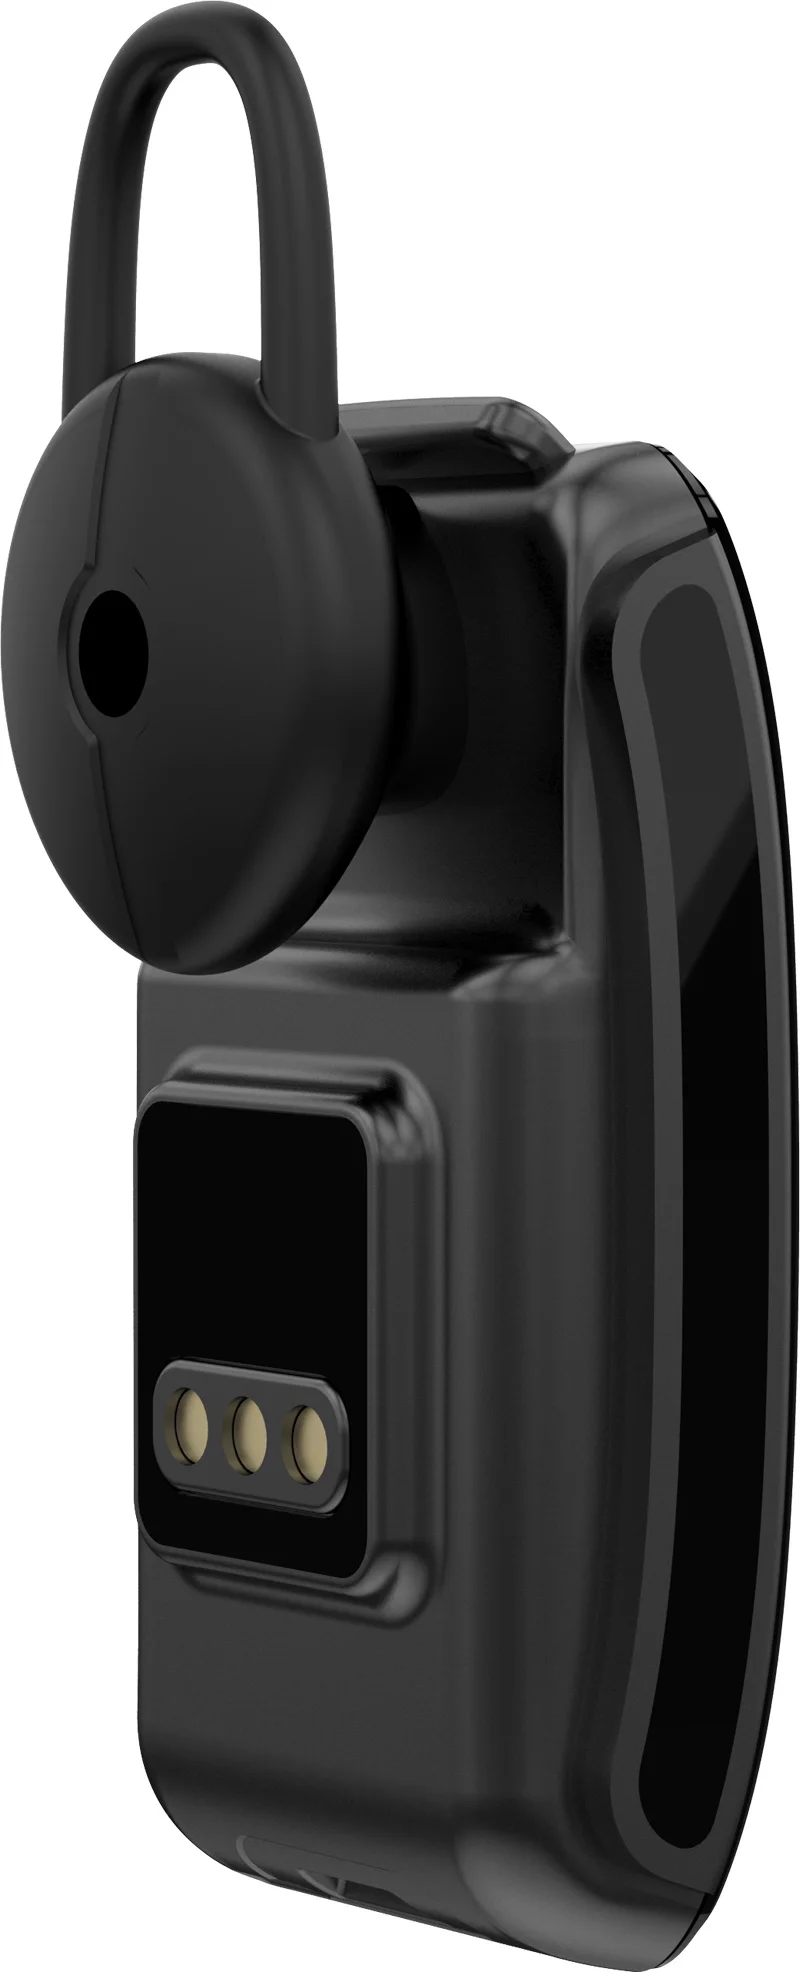 B31 смарт-телефон браслет Фитнес трекер монитор сердечного ритма Bluetooth наушники смарт-браслет для IOS Android говорить браслет
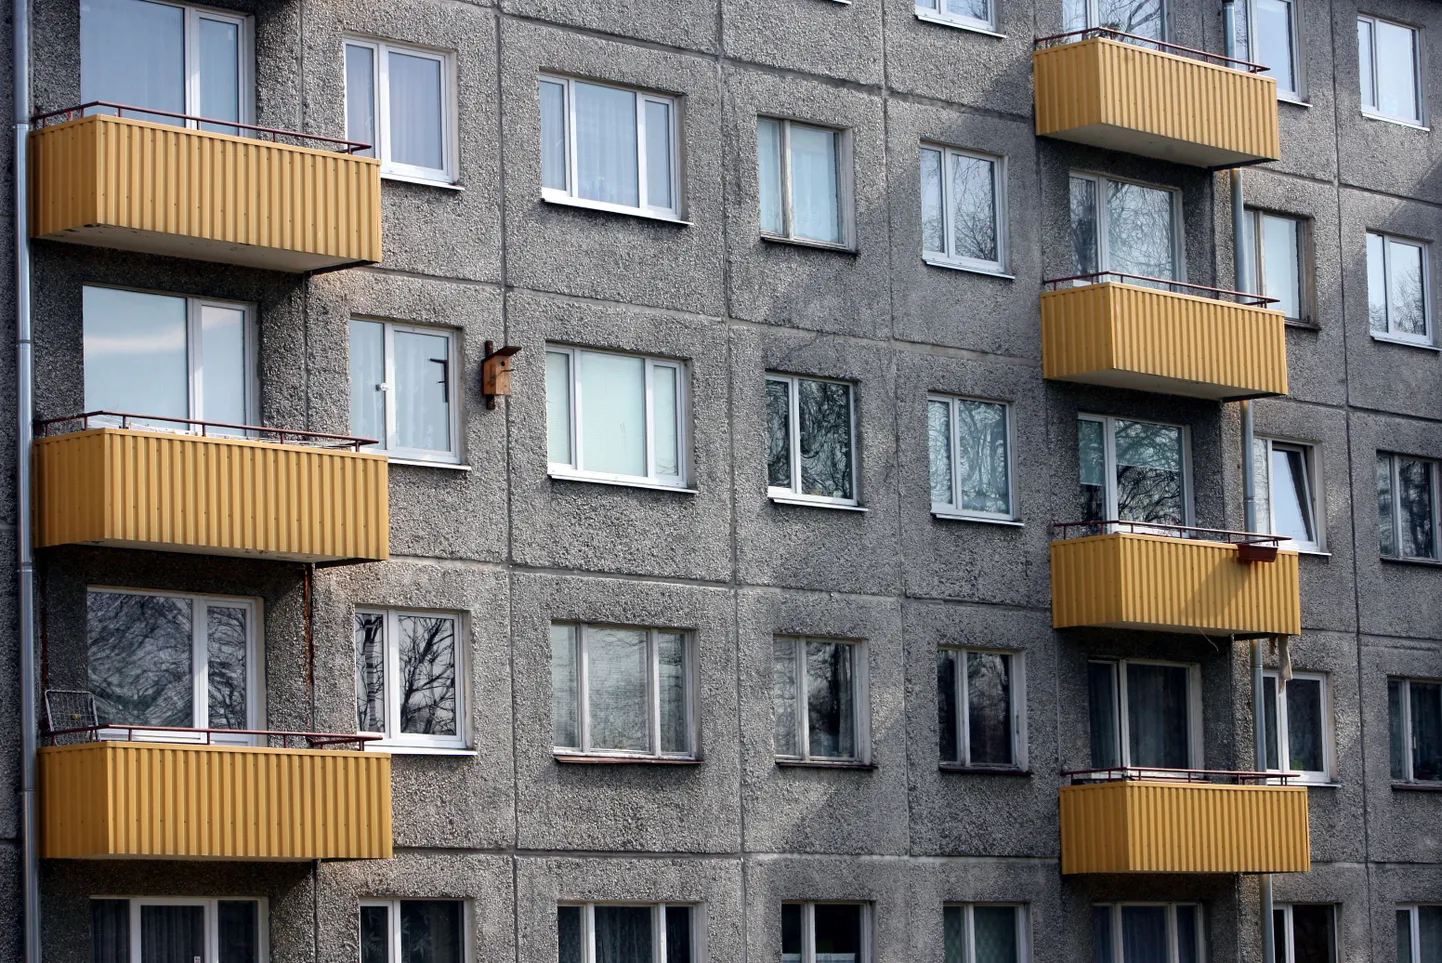 Kui varem andsid maaklerite töös tooni Kesklinn ja Tallinna uued korterid, siis tänavu on oluliselt kasvanud huvi odavamate paneelmajade korterite vastu.
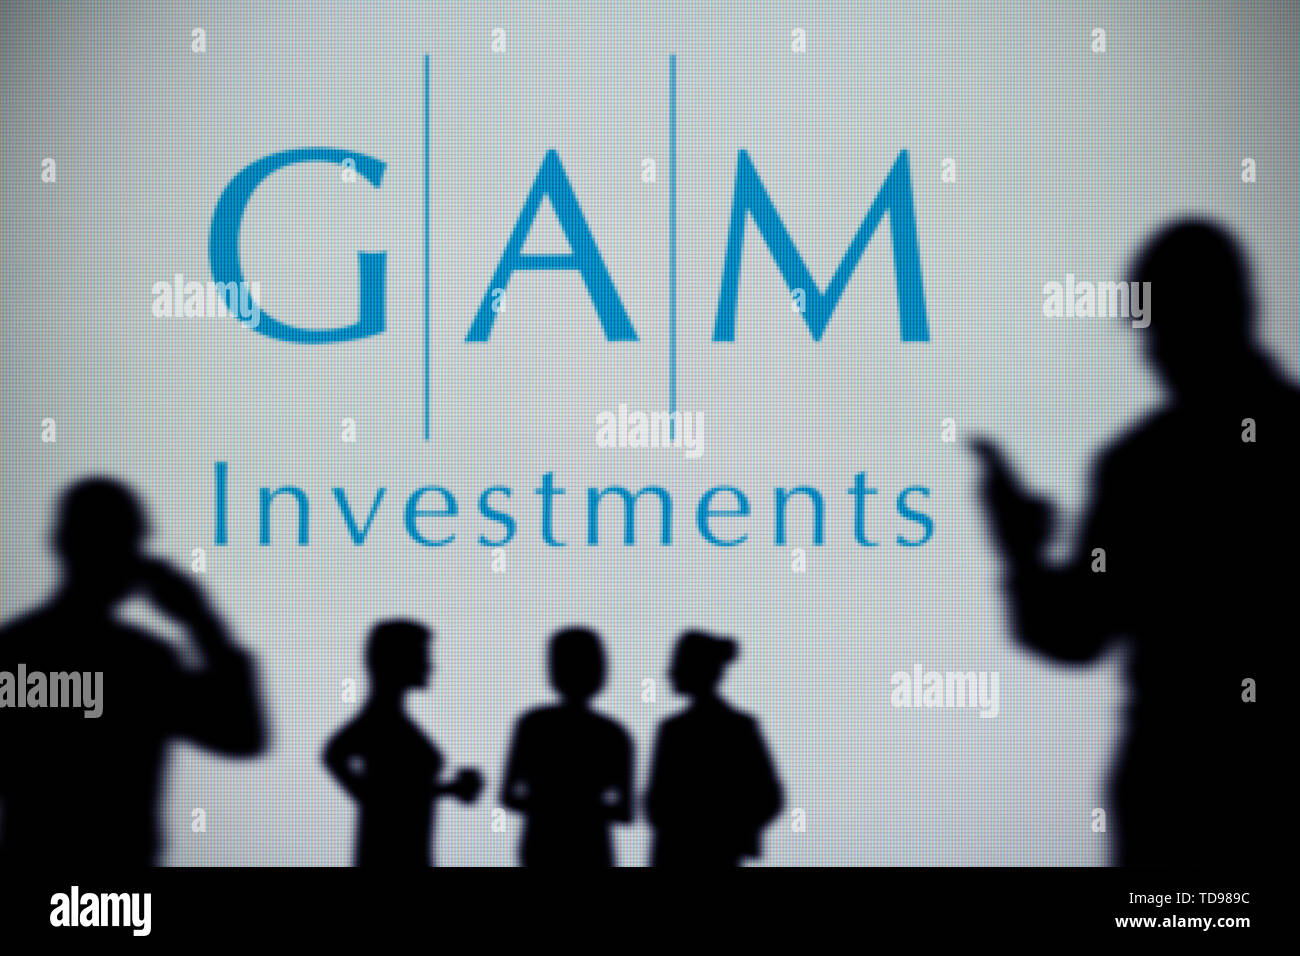 La GAM investimenti logo è visibile su uno schermo a LED in background mentre si profila una persona utilizza uno smartphone in primo piano (solo uso editoriale Foto Stock
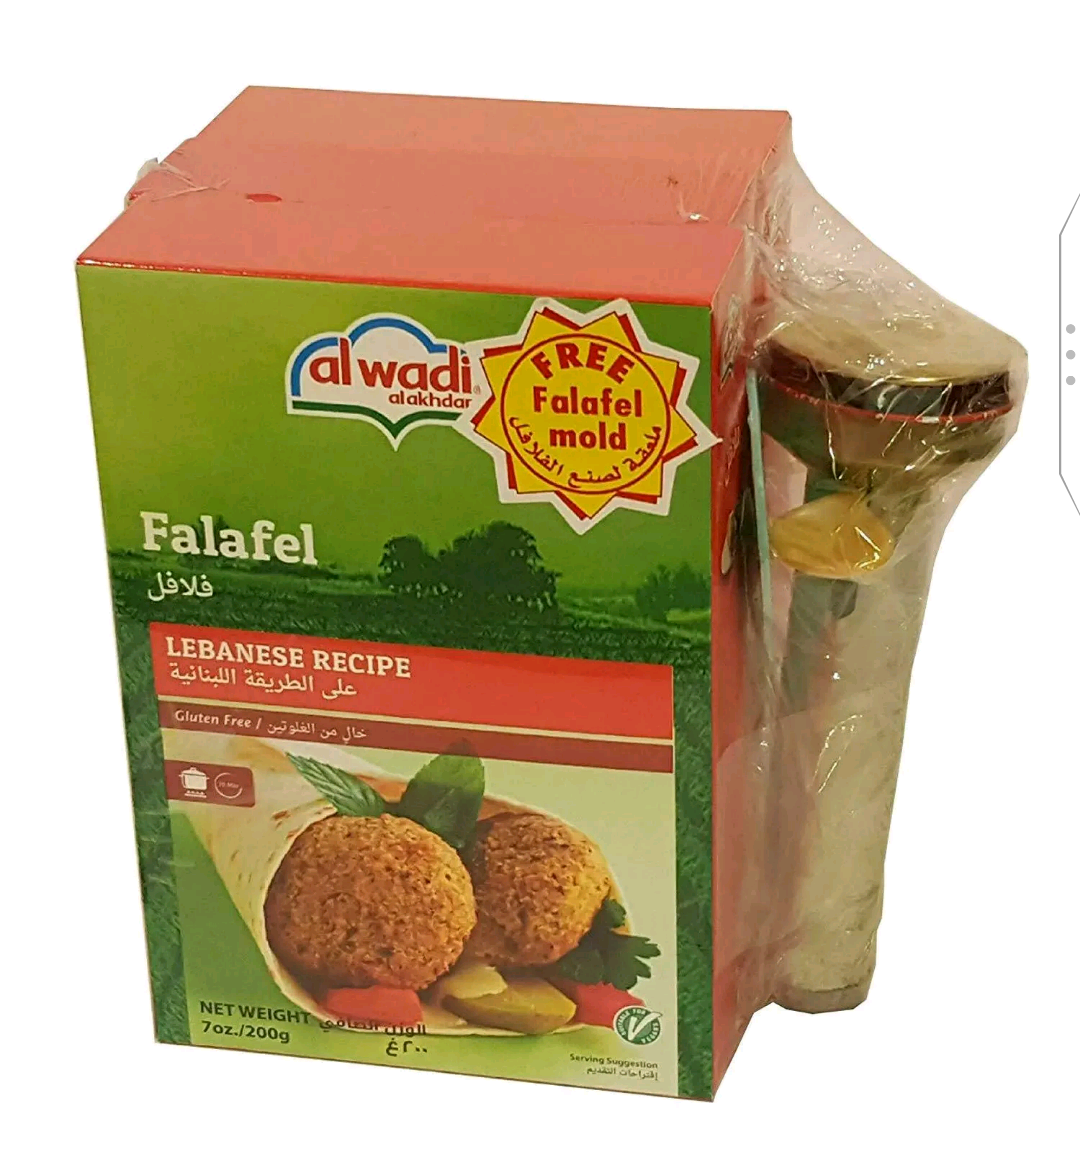 Al Wadi Falafel 3 pack with Promo Mold 600 gr
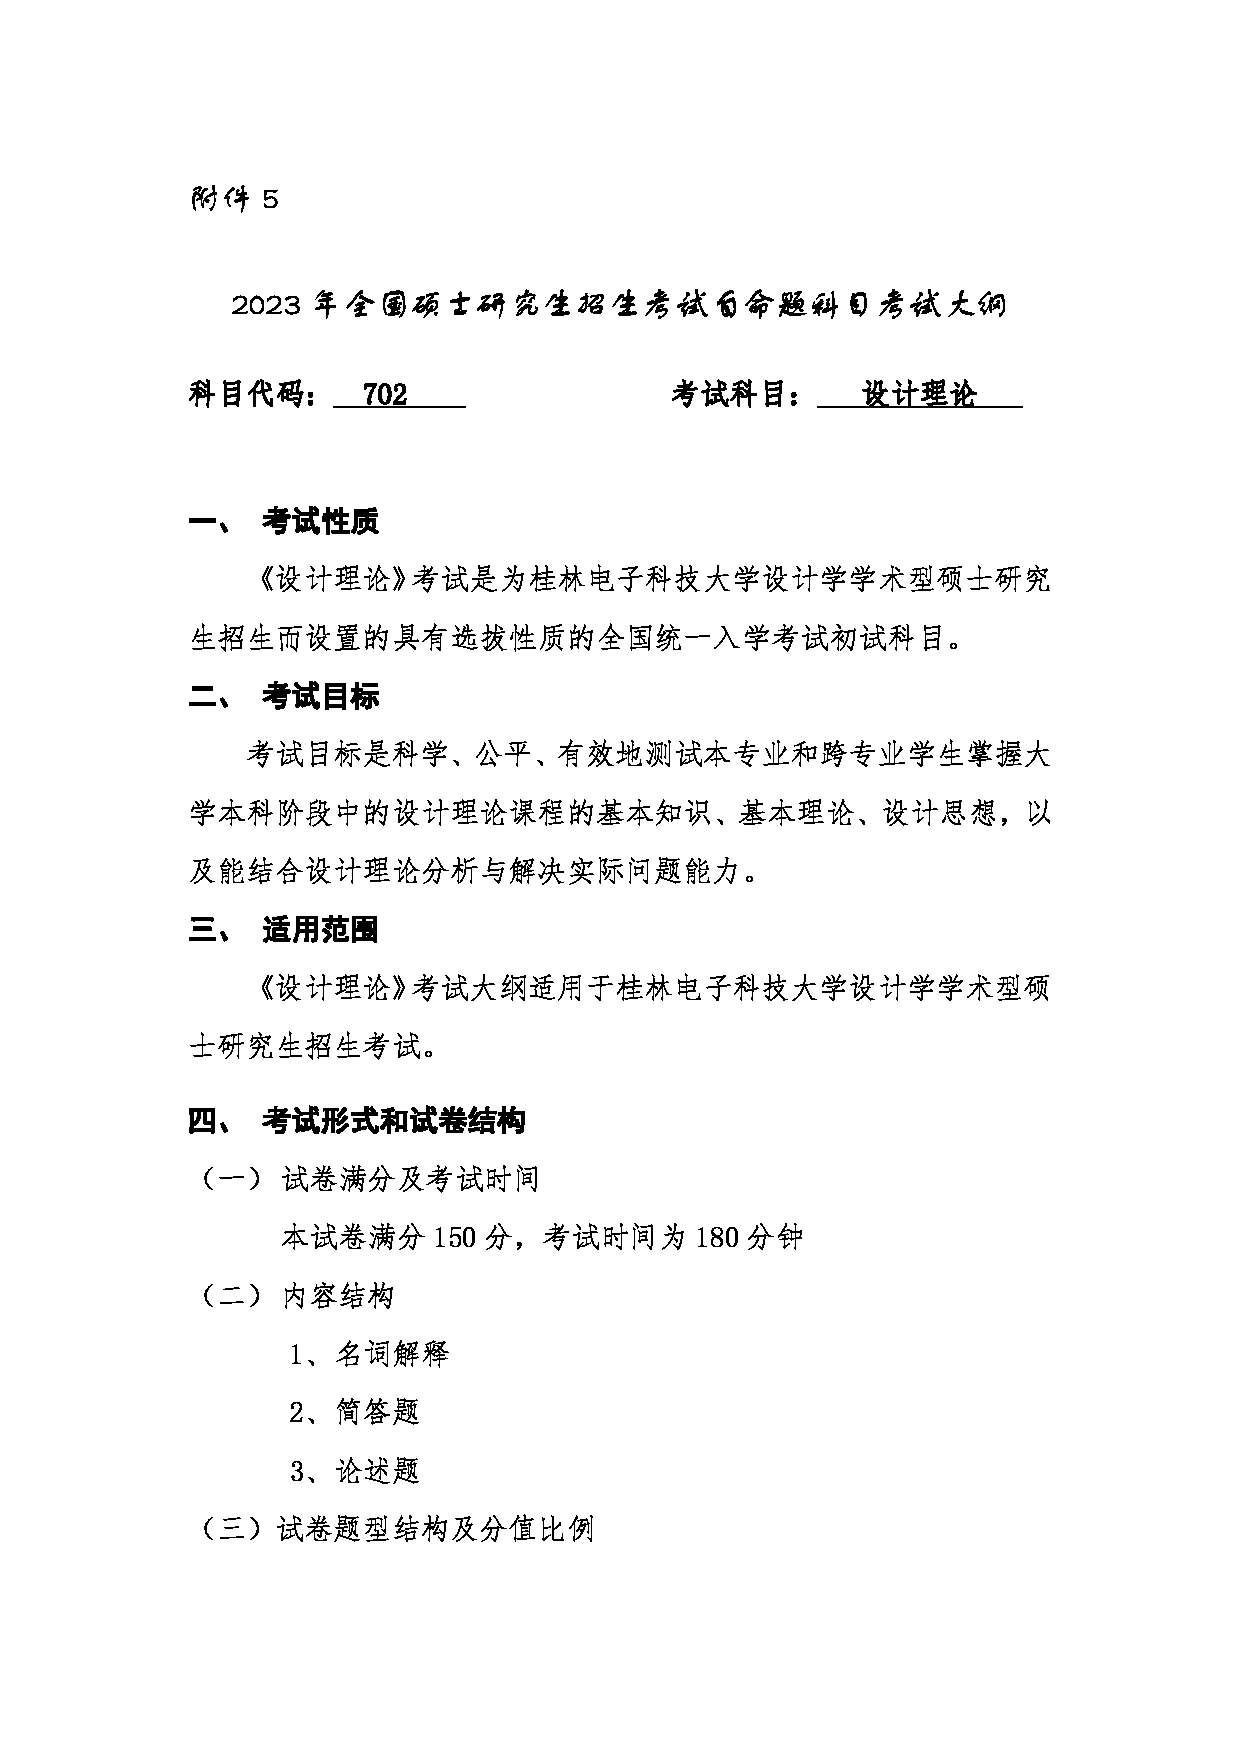 2023考研大纲：桂林电子科技大学2023年考研科目 （702设计理论） 考试大纲第1页
:::
WHAT NEEDS TO BE DONE
Return the full listing exactly as it appears above, without its pictures.

RESULT OF THIS TASK
 B31 смарт-телефон браслет Фитнес трекер монитор сердечного ритма Bluetooth наушники смарт-браслет для IOS Android говорить браслет
 Kui varem andsid maaklerite töös tooni Kesklinn ja Tallinna uued korterid, siis tänavu on oluliselt kasvanud huvi odavamate paneelmajade korterite vastu.
 La GAM investimenti logo è visibile su uno schermo a LED in background mentre si profila una persona utilizza uno smartphone in primo piano (solo uso editoriale Foto Stock
 Al Wadi Falafel 3 pack with Promo Mold 600 gr
 2023考研大纲：桂林电子科技大学2023年考研科目 （702设计理论） 考试大纲第1页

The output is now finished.